Именно поэтому, собрав всю свою волю, я пошла в музей. Как я и боялась, это оказалось мучительно. Меня переполняли чувства, и я едва могла дышать, когда увидела фотографии платформы, на которую в мае 1944 года в Аушвиц прибывали поезда. Потом я подошла к вагону для скота. То была точная копия старого немецкого железнодорожного вагона, который был предназначен для перевозки домашней скотины, но в котором перевозили нас. Посетители могли забраться внутрь и оценить, насколько это место было темным и тесным; почувствовать, каково было здесь находиться, когда людей набивали так плотно, что приходилось сидеть друг на друге; вообразить, как на сотни людей могло быть одно ведро для воды и одно ведро для испражнений; представить, как мы ехали и день и ночь без остановок и единственной едой была буханка черствого хлеба, выдаваемая на восемь, а порой на десять заключенных. Перед входом в вагон я застыла, словно парализованная. За мной толпились люди, молча и с почтением ожидавшие, когда я зайду внутрь. Тянулись долгие минуты, а я не могла это сделать; мне понадобились все силы, чтобы заставить себя поднять сначала одну ногу, потом вторую и втиснуться в узкую дверь.

Внутри вагона меня охватил ужас, и на минуту показалось, что сейчас начнется рвота. Я сжалась в комок, вспоминая те последние дни, когда видела родителей живыми. Неумолимый стук колес на путях. Тогда мне было шестнадцать, я не знала, что мы едем в Аушвиц. Не знала, что скоро и мать и отец будут убиты. В дороге нужно было выдержать все лишения и неопределенность. Но почему-то те переживания, казалось, было проще переносить, чем теперь заново. На этот раз мне пришлось прочувствовать все. На этот раз я плакала. Я потеряла счет времени, сидя в темноте со своей болью, почти не замечая, как другие посетители входили, стояли рядом со мной и шли дальше. Я просидела там, наверное, час или два.

Когда я наконец вышла, то почувствовала себя иначе. Стало чуть легче. Пришло чувство опустошенности. Мои горе и страх никуда не делись. Я от всего вздрагивала: от свастики, глядевшей на меня с каждой фотографии; от застывших глаз офицера СС, стоявшего на страже. Но, вернувшись в прошлое, я позволила себе проявить чувства, от которых столько лет бежала.

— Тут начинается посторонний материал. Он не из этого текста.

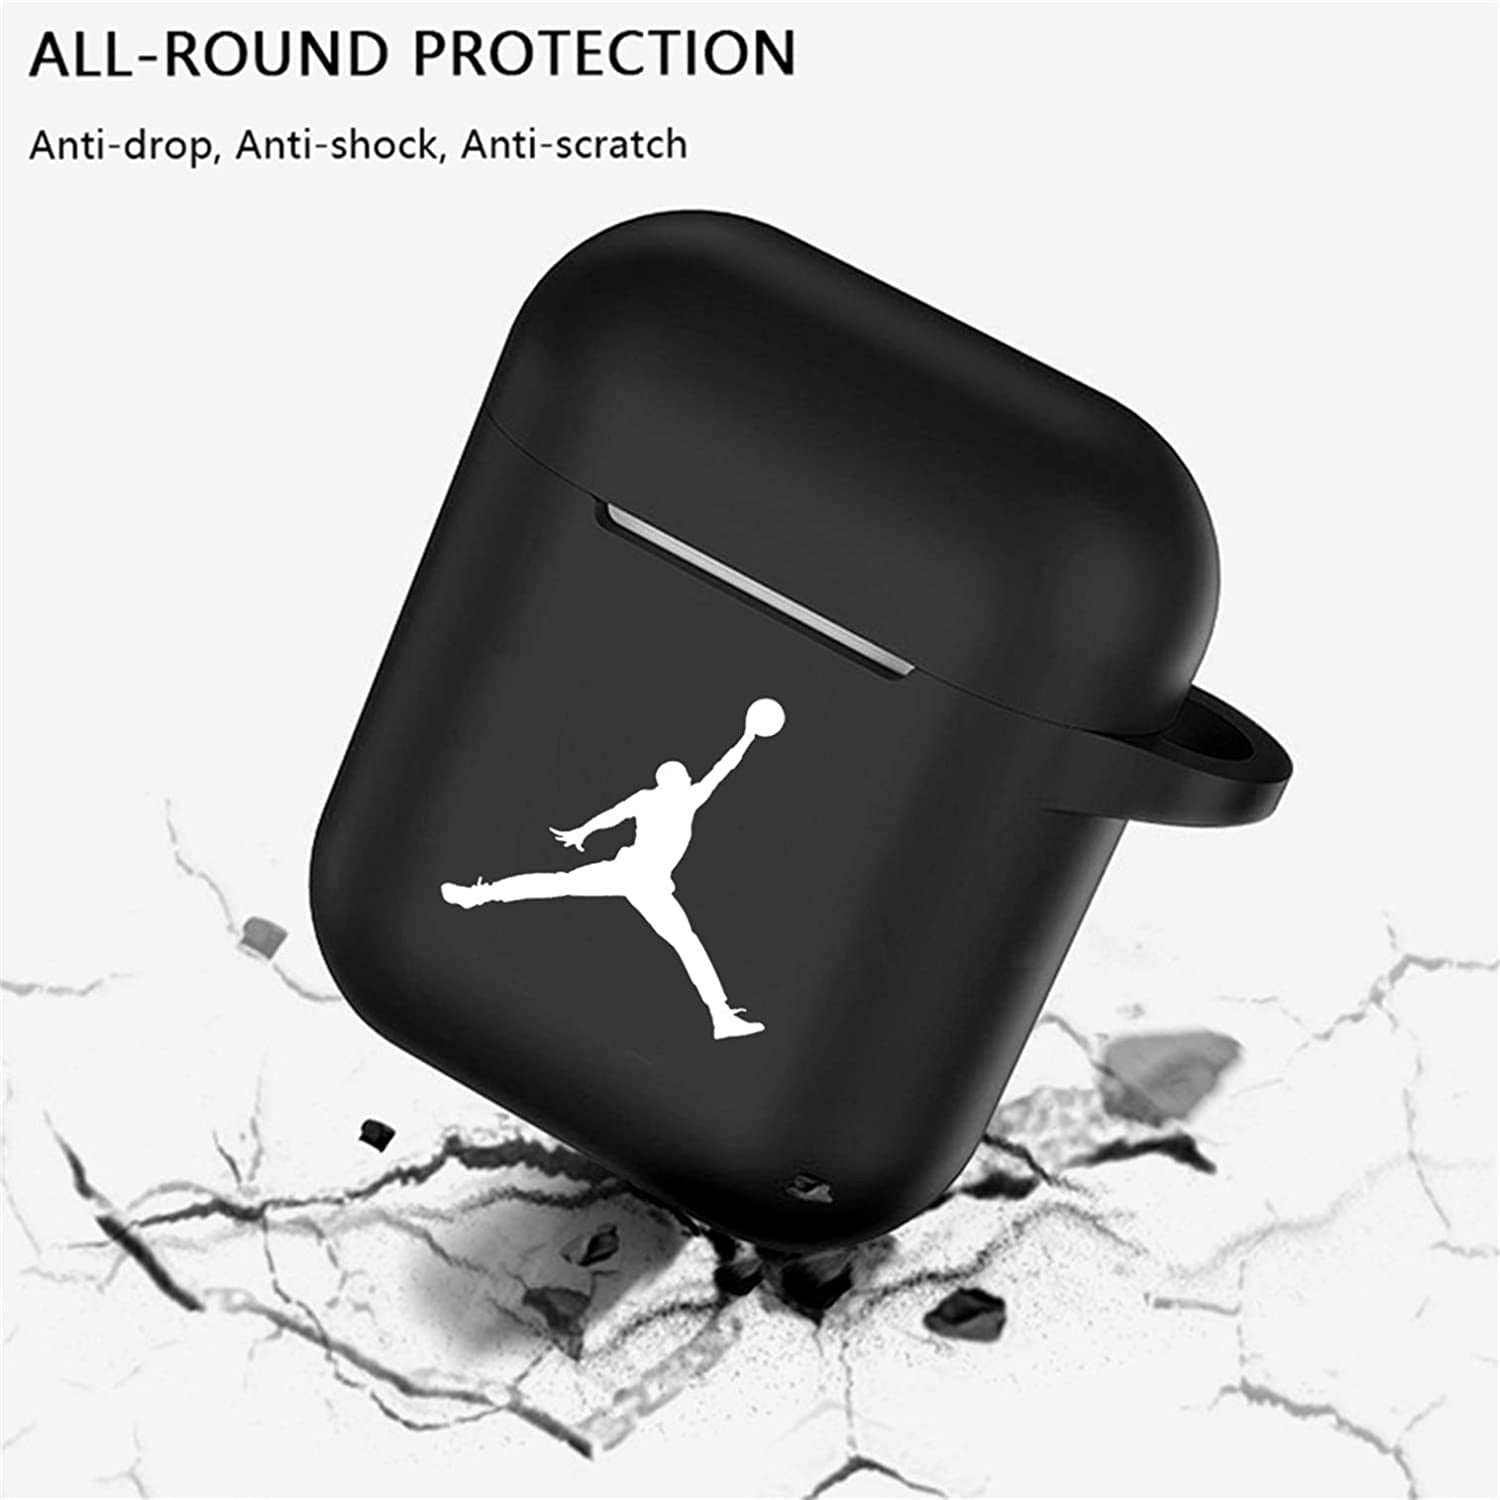 3D Luxury Fashion Sport Style Character Silicone Airpod Cover Stylish Designer Cases for Girls Kids Teens Boys Air pods Black Right Fun Cool Keychain Design Skin Mulafnxal for Airpods 1&2 Case

Есть много веских причин, почему мы избегаем своих чувств: одни вызывают душевный дискомфорт; другие кажутся нам ошибочными, и мы думаем, что не должны их испытывать; некоторых мы боимся, поскольку они могут ранить близких нам людей. И есть чувства, пугающие нас тем, что они могут означать, — они могут рассказать о выборе, который мы сделали или который собираемся совершить.

Но пока вы избегаете своих чувств, вы отрицаете реальность. И если вы попытаетесь от чего-то отгородиться и скажете себе: «Не хочу об этом думать», я гарантирую, что вы будете думать именно об этом. Так что пригласите свое чувство войти в вашу жизнь и побудьте с ним. После чего решите, как долго вы собираетесь его удерживать. Ведь вы не просто маленькое, хрупкое существо. Нужно уметь смотреть в лицо любой реальности, чтобы наконец перестать сражаться и прятаться. Помните, что чувство — это только чувство, а не ваша сущность.

В одном сельском районе Канады шестнадцать лет назад сентябрьским утром Кэролайн только-только запустила стирку и хотела насладиться тихим днем, одиночеством и тишиной в доме, когда в дверь постучали. Из окна она увидела, что это Майкл, двоюродный брат мужа. Майкл был ее ровесником — слегка за сорок. Большая часть его жизни была связана с преступным миром: кражи, мелкое хулиганство, злоупотребление наркотиками, — и теперь он наконец был готов получить второй шанс. Недавно он съехался со своей девушкой, но продолжал чувствовать себя членом семьи Кэролайн и ее мужа — семьи, которая его приютила, поддержала в желании измениться, обеспечила работой и стабильной домашней обстановкой. Он и сейчас оставался неотъемлемой частью их жизни, полностью своим человеком, которому во всем можно доверять, любил проводить время в семейном кругу Кэролайн, кузена и трех мальчиков, часто оставаясь на ужин.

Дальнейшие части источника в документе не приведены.